To form a D-HIL structure, we use poly(3,4-ethylenedioxythiophene)-block-poly(ethylene glycol) (PEDOT:PEG) doped with perchlorate (PC) in nitromethane (CH3NO2) (1 wt.%) as the buffer layer (which we refer to as PEDOT:PEG(PC)), which is spin-coated onto graphene prior to PEDOT:PSS deposition. The molecular structures of PEDOT:PEG(PC) and PEDOT:PSS are compared in Fig. 1a and Fig. 1b shows the transmittance of the spin-coated films on quartz substrates. Although PEDOT:PEG(PC) is less transparent than PEDOT:PSS (88.5% vs. 97.5%, at λ = 550 nm incident light wavelength), the difference in transparency does not limit the device performance, as shown later. The average sheet resistances of PEDOT:PEG(PC) and PEDOT:PSS on quartz were 25 ± 4 MΩ/sq and 17 ± 3 MΩ/sq at thicknesses of 40 nm and 20 nm, respectively. Replacing PSS with PEG, which co-polymerizes the PEDOT with PEG, renders PEDOT soluble in organic solvents and enables it to efficiently wet the hydrophobic surface of graphene, as well as other substrates onto which spin-coating of uniform PEDOT:PSS is difficult.

Figure 1
figure 1

Characterizations of the D-HIL structure.

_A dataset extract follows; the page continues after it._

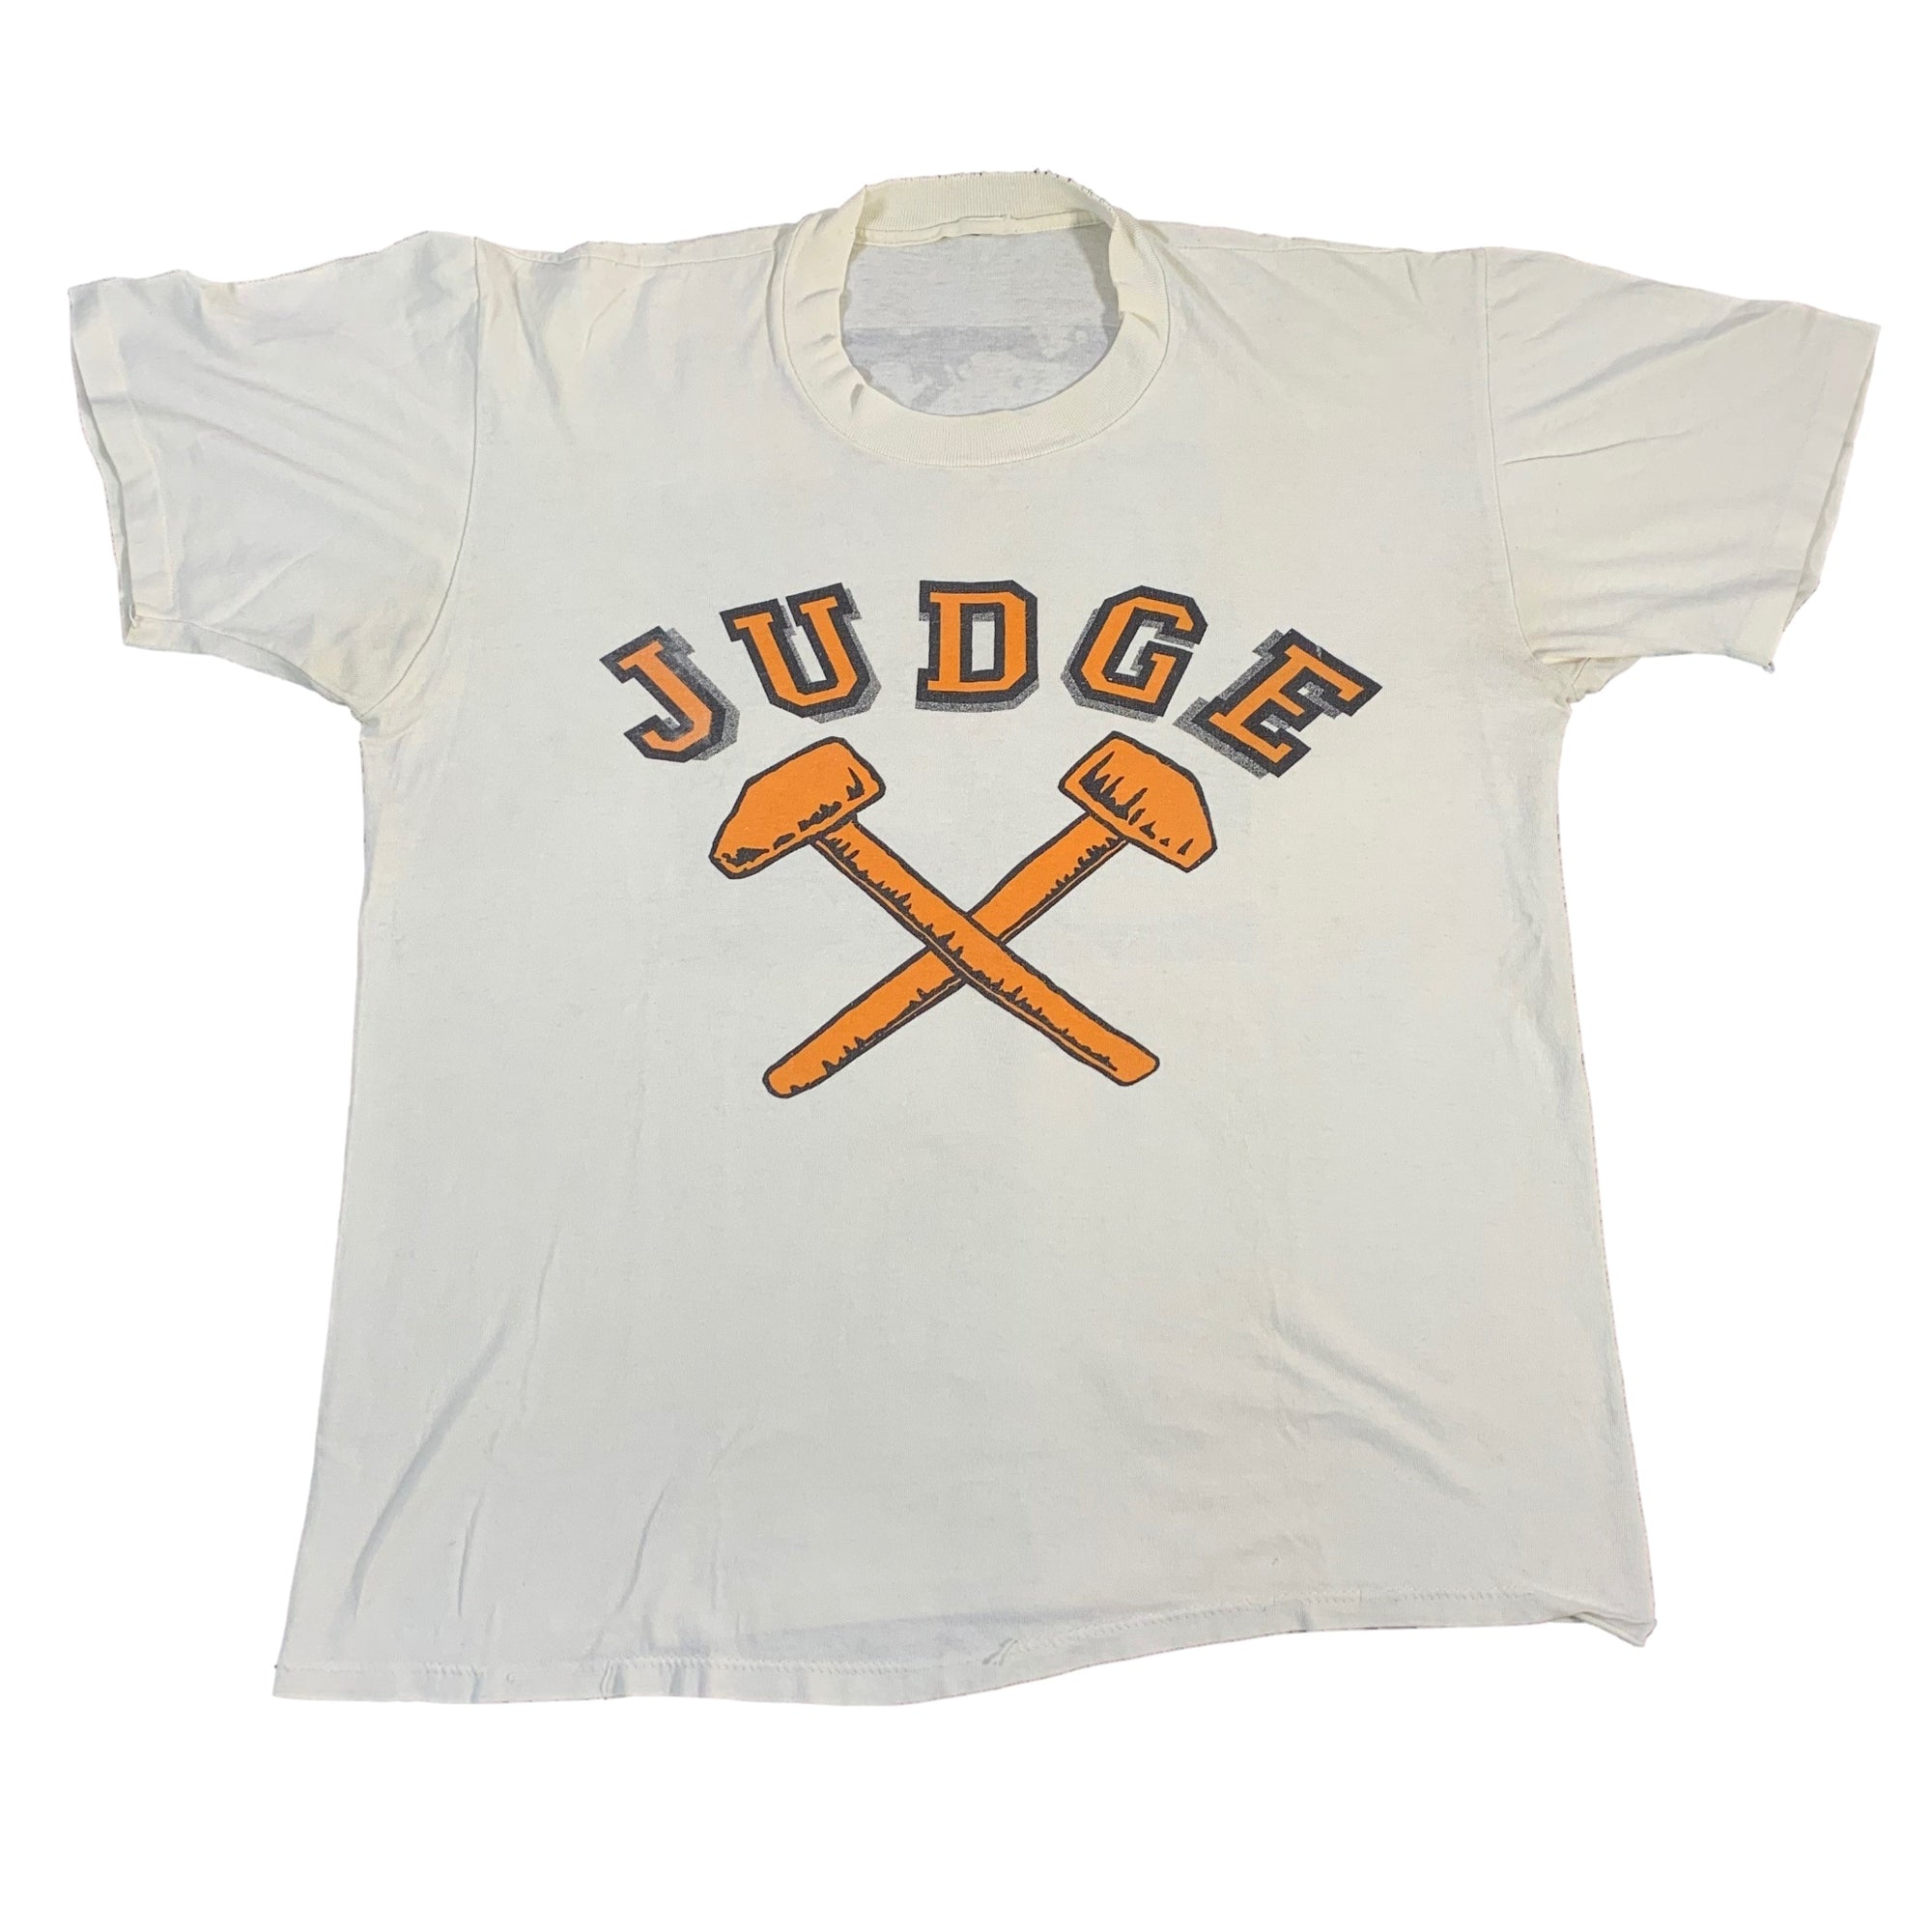 Vintage Judge "Bringing It Down" T-Shirt - jointcustodydc

(a) Molecular structures of PEDOT:PEG(PC) and PEDOT:PSS. (b) Ultraviolet-visible spectroscopy transmittance spectra of each of the polymeric layers and of the double-layer, all spin-coated on quartz substrates. PEDOT:PEG(PC) and PEDOT:PSS layers were each spin-coated at 4000 rpm, resulting in film thicknesses of 40 nm and 20 nm, respectively, as measured by atomic force microscopy. Varying the spin speed (1500–5000 rpm) of PEDOT:PEG(PC) did not significantly affect its transmittance (<5% variation), film thicknesses (<10% variation) or sheet resistance (<5% variation). The D-HIL was formed by consecutive spin coating of PEDOT:PEG(PC) and PEDOT:PSS. The final D-HIL film thickness is 55 nm. The inset shows macroscopic photographs of each polymer film spin-coated on glass substrate.

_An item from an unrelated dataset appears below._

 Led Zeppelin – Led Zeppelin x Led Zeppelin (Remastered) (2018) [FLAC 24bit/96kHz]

This surface modification is confirmed by characterization of surface morphologies. The spin-coated PEDOT:PEG(PC) completely covers the graphene surface, in contrast to PEDOT:PSS, which coats graphene non-uniformly as shown in the optical micrograph from Fig. 2a, b. The better-wettability of PEDOT:PEG(PC) on graphene can be also observed from the contact angle measurement. Microscale droplets of both solutions, PEDOT:PEG(PC) and PEDOT:PSS, were placed on graphene transferred on quartz substrates to investigate the wettability and the static contact angle. As shown in Fig. 2c,d, the contact angles for PEDOT:PEG(PC) and PEDOT:PSS are 28.1 ± 1.4° and 91.2 ± 0.2°, respectively. Further characterizations of the D-HIL films are provided in the Supplementary Fig. S1 from the scanning electron microscopy (SEM) and atomic force microscopy (AFM). SEM images show that, although the PEDOT:PEG(PC) surface is rougher than that of PEDOT:PSS, it is smoothened by the subsequent coating with PEDOT:PSS (Supplementary Fig. S1b, d). And the observed roughness did not appear to affect device performance as shown later.

Figure 2
figure 2

Hole injection layer wetting properties on graphene surface.

Bright-field optical microscopy images of (a) PEDOT:PEG(PC) on graphene and bare quartz and (b) PEDOT:PSS on graphene and on bare quartz substrates. The white dotted lines indicate the edge of the graphene and the arrows denote dewetted PEDOT:PSS. Contact angle images of (c) graphene/PEDOT:PEG(PC) and (d) graphene/PEDOT:PSS. Figures (a) and (c) illustrate better wettability of the PEDOT:PEG(PC) on graphene surface than PEDOT:PSS on graphene.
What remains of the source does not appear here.